Prions are scary things: The mad cow outbreak in the 1990s in the United Kingdom was linked to human deaths from Creutzfeld-Jakob; scientists suggested the disease was transmitted by the consumption of tainted beef. The European Union and the United States banned the import of British beef, and Great Britain eventually ordered the slaughter of millions of cows and bulls. Since then, there have been four cases of humans dying from the human variant of mad cow in the United States.

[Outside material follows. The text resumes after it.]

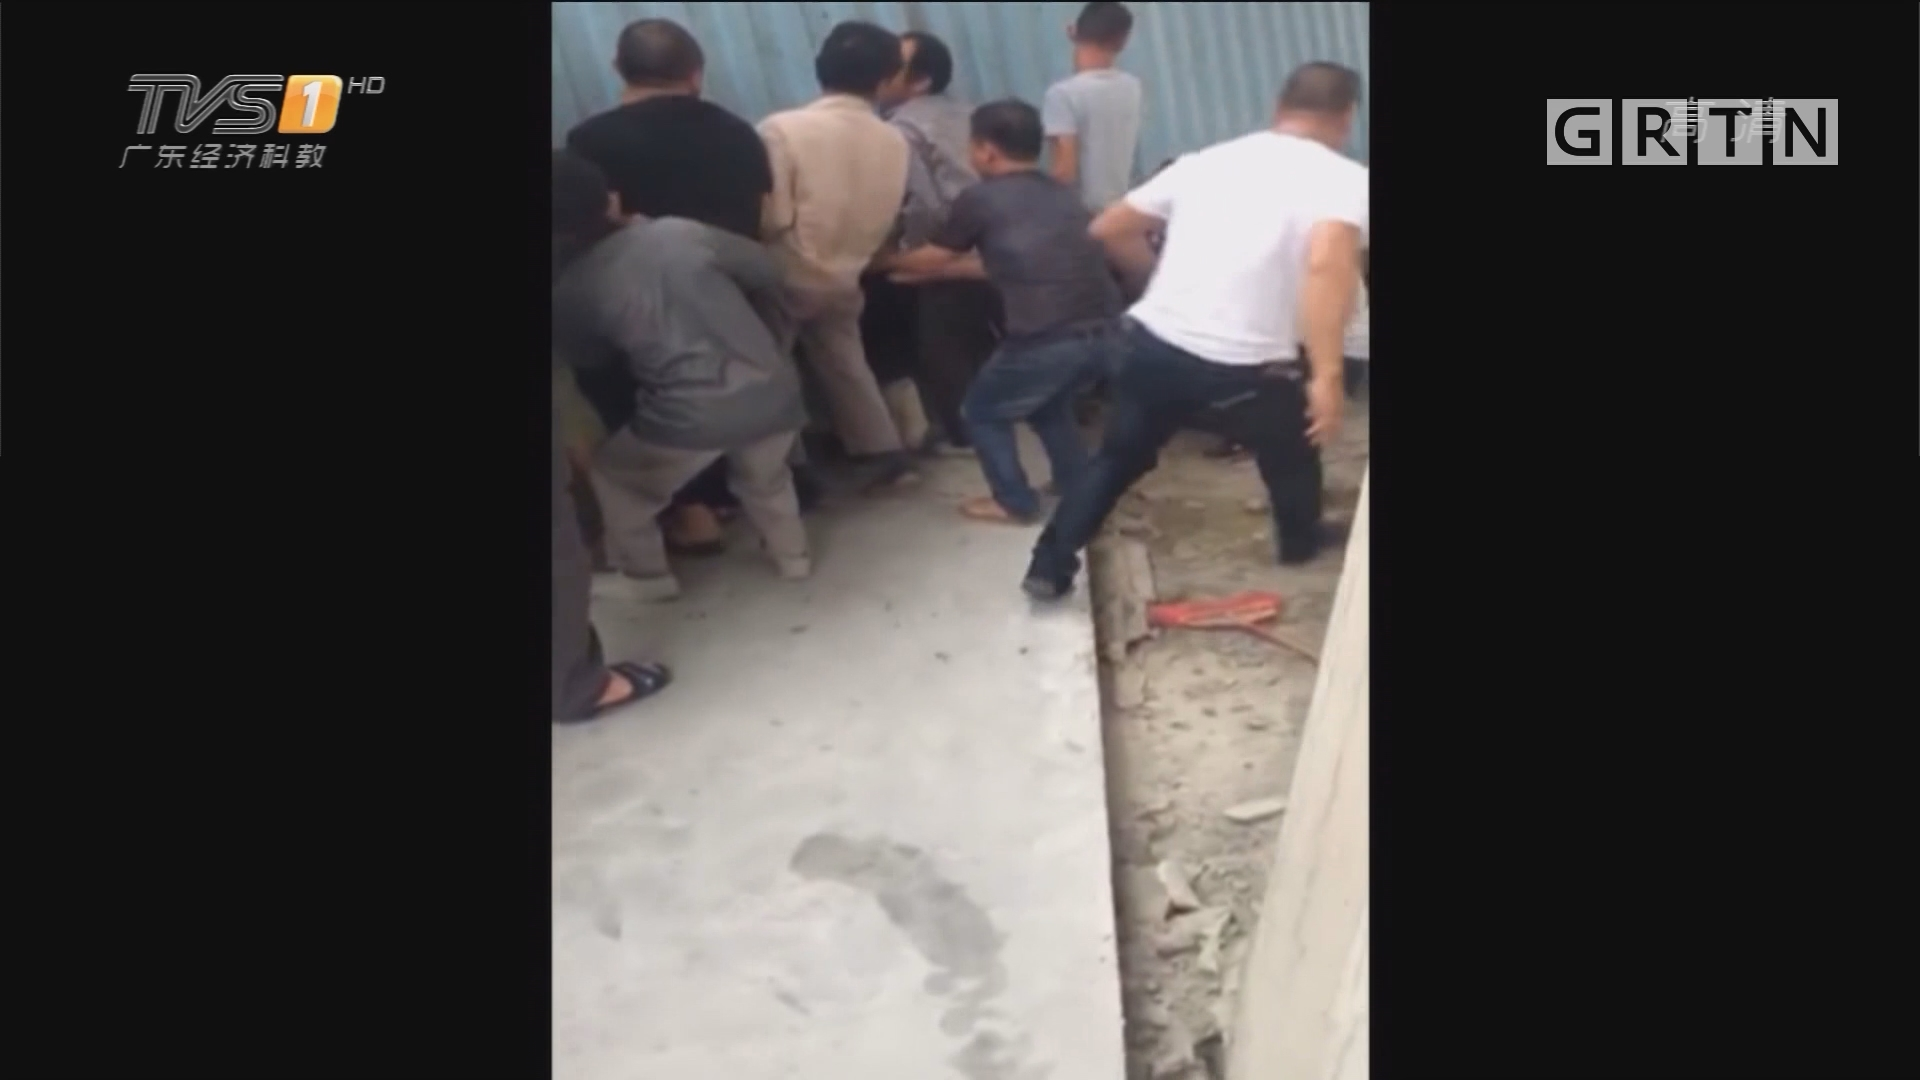 潮州潮安:集装箱侧翻女子被压 近百街坊抬箱救人
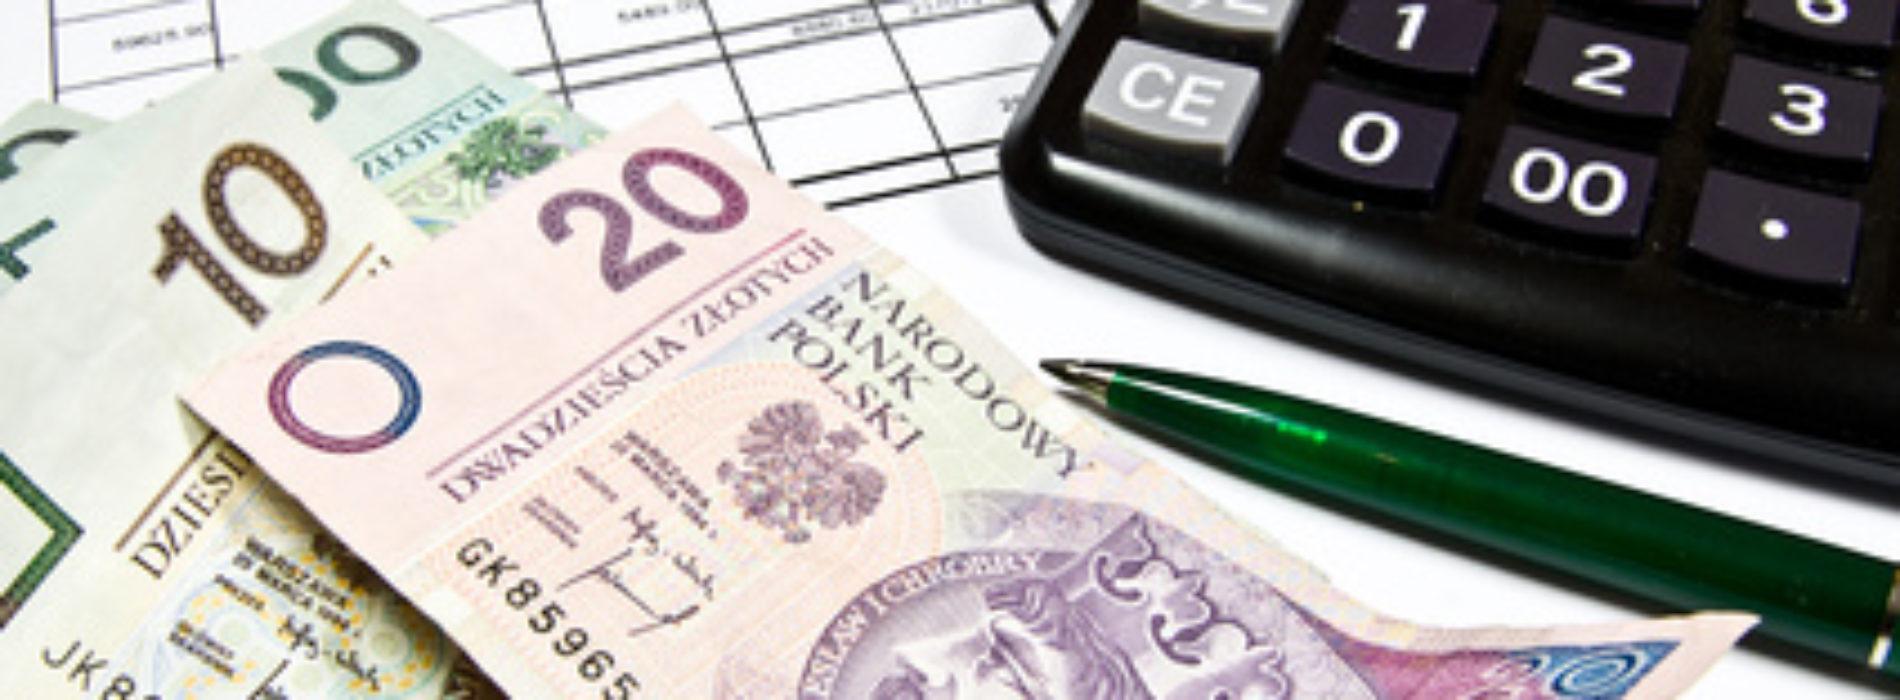 Ile może zabrać komornik z wynagrodzenia 2021 roku – nowe limity

The prion that causes CWD cannot be cooked away or otherwise destroyed. Once it's in the environment, via excrement or urine from infected animals, it's there forever. Game and Fish disposes its infected tissue samples in an incinerator that heats to 1,700 degrees F. But because you can't burn up a prion, ashes from the incinerator are placed in metal containers before being disposed of in landfills.

Which begs the question: If you eat a deer infected with CWD, do you risk getting a prion disease?

It's possible, the Centers for Disease Control says, but undetected as of yet. For now, Gray said, Game and Fish encourages hunters not to consume their venison until samples from the deer or elk come back negative. "That's a personal choice," Gray said. "We try to provide a rapid turnaround" for results, usually seven days.

The new Game and Fish research division will also employ a director, a "human dimensions specialist" to do outreach to the public and social surveys, a biostatistician and research biologists. In 2016, Gray and other Game and Fish staff focused on work to determine disease prevalence and location. They set up stations across the state during modern gun season last year to take samples of harvested animals, and also sampled road kill and "targeted animals" — any animal exhibiting symptoms of the disease. Taxidermists statewide helped with the sampling.

The epicenter of the disease is in Newton County. The CWD Management Zone also includes Boone, Carroll, Johnson, Logan, Madison, Marion, Pope, Searcy and Yell counties. (Inclusion in the zone does not mean that CWD-infected animals have been found; it means that part of the county falls within a 10-mile radius of a diseased animal.) Bag limits within certain zones have been liberalized to reduce the population of possibly infected deer, and Game and Fish has made it illegal to transport deer or elk carcasses out of the CWD Zone except for antlers, cleaned skulls, deboned meat, cleaned teeth, hides or finished taxidermied products. Starting Jan. 1 of this year, Game and Fish made it unlawful statewide to use natural scents or lures containing deer and elk urine or other biofluids.

All elk harvested statewide must be checked so that samples may be taken for CWD testing.

The research division is now gearing up to take genetic samples of elk and deer, both to create a database and to see the relationship between the individual CWD-positive animals. Western state biologists are studying elk DNA to see if they can identify resistant genes.

The division is also partnering with UA Little Rock to survey Arkansas hunters to see if they've changed their hunting practices, whether they're willing to have their animals tested, how far they're willing to drive to do that, and so forth.

Game and Fish is hoping to partner with the Arkansas Livestock and Poultry Commission to be able to use its laboratories to speed up testing.

"This is really where conservation is moving in the future," Dr. Ballard said: Agencies are "recognizing the role that veterinarians play alongside biologists."